Мелочное издевательство было непонятно в Екатерине Артамоновне, женщине умной, рассудительной и по-своему справедливой. По-видимому, иногда она сама сознавала это. Тогда она оставляла Настю в покое, несколько дней не разговаривала с ней, не замечала, будто той и не существовало. Встречаясь с Настей, смотрела прямо, точно сквозь нее, отсутствующим взглядом. Но так продолжалось три-четыре дня, а затем она снова принималась за прежнее с еще большим ожесточением.
Какой бы трудной жизнью ни жили кадничане, они выделялись из общей массы полуголодных грузчиков, бурлаков и матросов купеческой Волги. Относительное материальное благополучие капитанских семей, грамотность, связи с торговым и промышленным миром Волги – все это проводило заметную грань между жителями Кадниц и окрестным населением, изнывавшим от малоземелья, податей и неурожаев. Это были мещане, живущие на селе и тем более проникнутые кастовыми, цеховыми предрассудками. В их власти и была Екатерина Артамоновна.
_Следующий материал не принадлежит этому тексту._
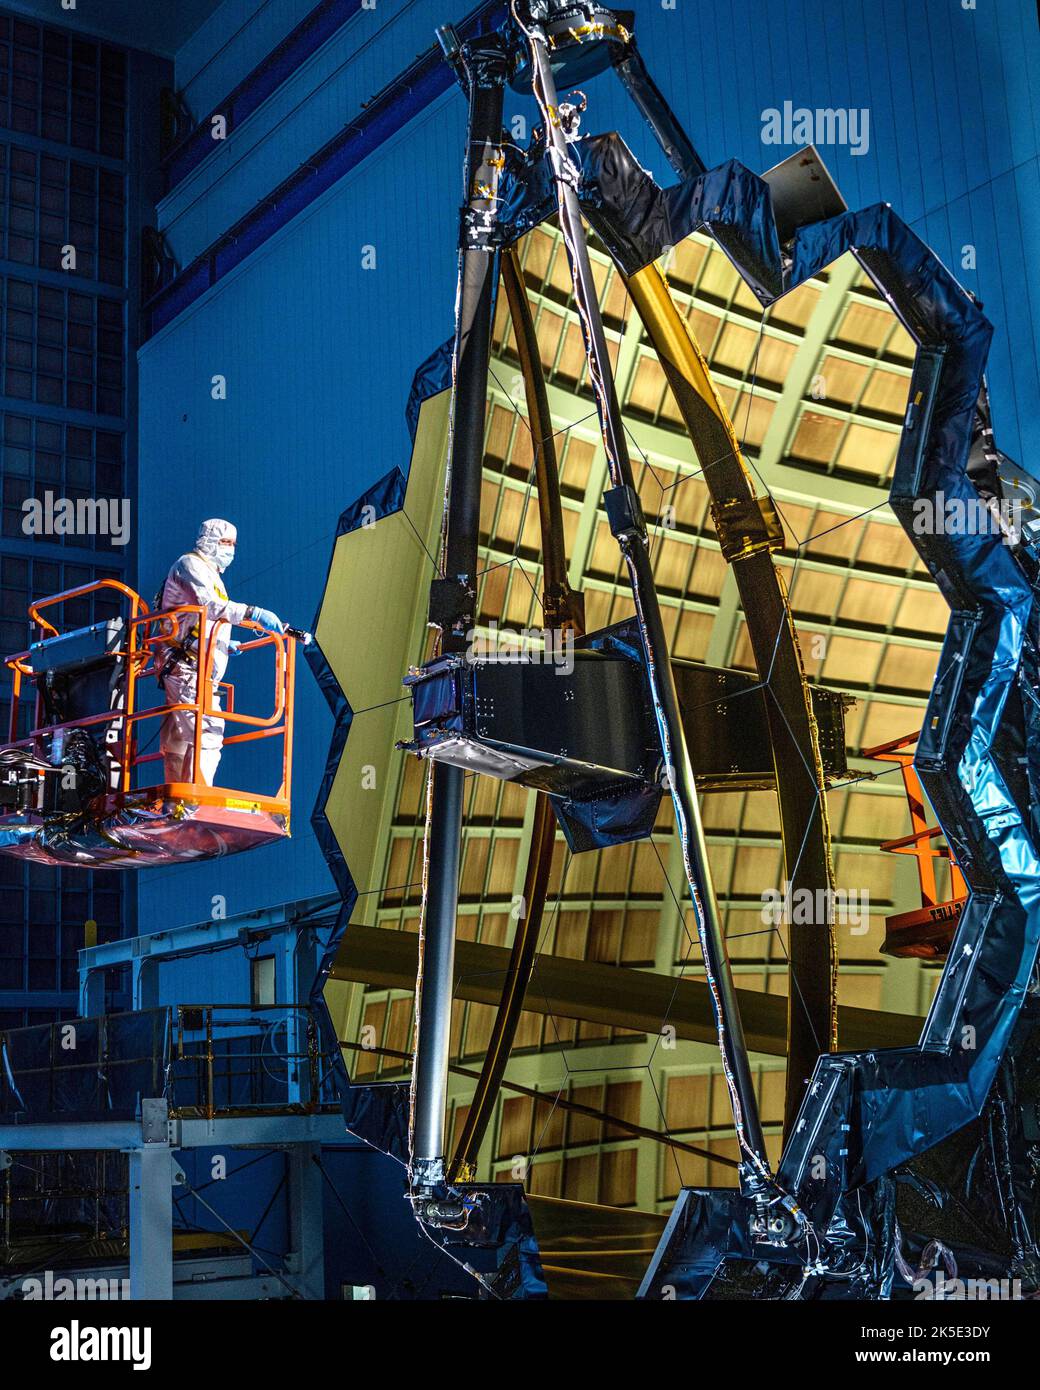 Preparing the James Webb Space Telescope (JWST). This image was captured after the successful 'center of curvature' testing operations. The technician with the flashlight is George Mooney.  An optimised version of a NASA image by experienced lead photographer Chris Gunn. Credit: NASA/Chris Gunn. For editorial use only. Stock Photo

Революция сломала привычный уклад жизни, перевернула старые представления и понятия. Матрос из Голошубихи, ставший начальником госпароходства, или крестьянин-бедняк из Шавы в роли председателя уездного ревкома олицетворяли для Екатерины Артамоновны крушение старого мира больше, чем что-либо другое. Люди кругом тоже жили этим новым порядком. Что же, их дело! Но чем сильнее стучалась жизнь в ее дом, тем крепче запирала Екатерина Артамоновна двери. Для нее Настя по прежнему была голь, нищенка, ни кола ни двора, ни ложки ни плошки. Невесть откуда появилась эта «мордовка» и, кто знает, может стать такой же, как она, хозяйкой добра, накопленного ее собственными трудами. Она была уверена, что Настя, не вытерпев издевательств, сама уйдет. И в то же время хотела увидеть Ивана мужем этой деревенщины – пусть накажет себя за непослушание.
Но Насте некуда было уходить. Лучше такая жизнь, чем голод. Она понимала, что Воронин ее жалеет и что он единственный человек на свете, которого надо держаться. Может быть, он женится на ней?
Иван вернулся по окончании навигации домой, вовсе не думая о женитьбе. Но когда он увидел, как мать обращается с Настей, в нем пробудилось унаследованное от нее же упрямство, хотя и скрытое под внешней невозмутимостью.
– Хватит, помилостивились, – сказала ему Екатерина Артамоновна, – всех-то беженцев не перекормишь, да и самим жрать нечего. Отправляй свою кралю.
Иван молчал.
– Не было еще такого, чтобы у всех на глазах мамзелей содержать. Не купцы мы, не Кашины и не Бакшировы. Время не то, тебе не к лицу, хватит и с меня сраму на старости лет. Или отправляй, или женись, – добавила она с усмешкой.
Тогда он объявил, что женится на Насте.
– Женись, дело твое, не мне с ней жить, тебе, – спокойно ответила она тоном человека, заранее знавшего, что именно так и случится.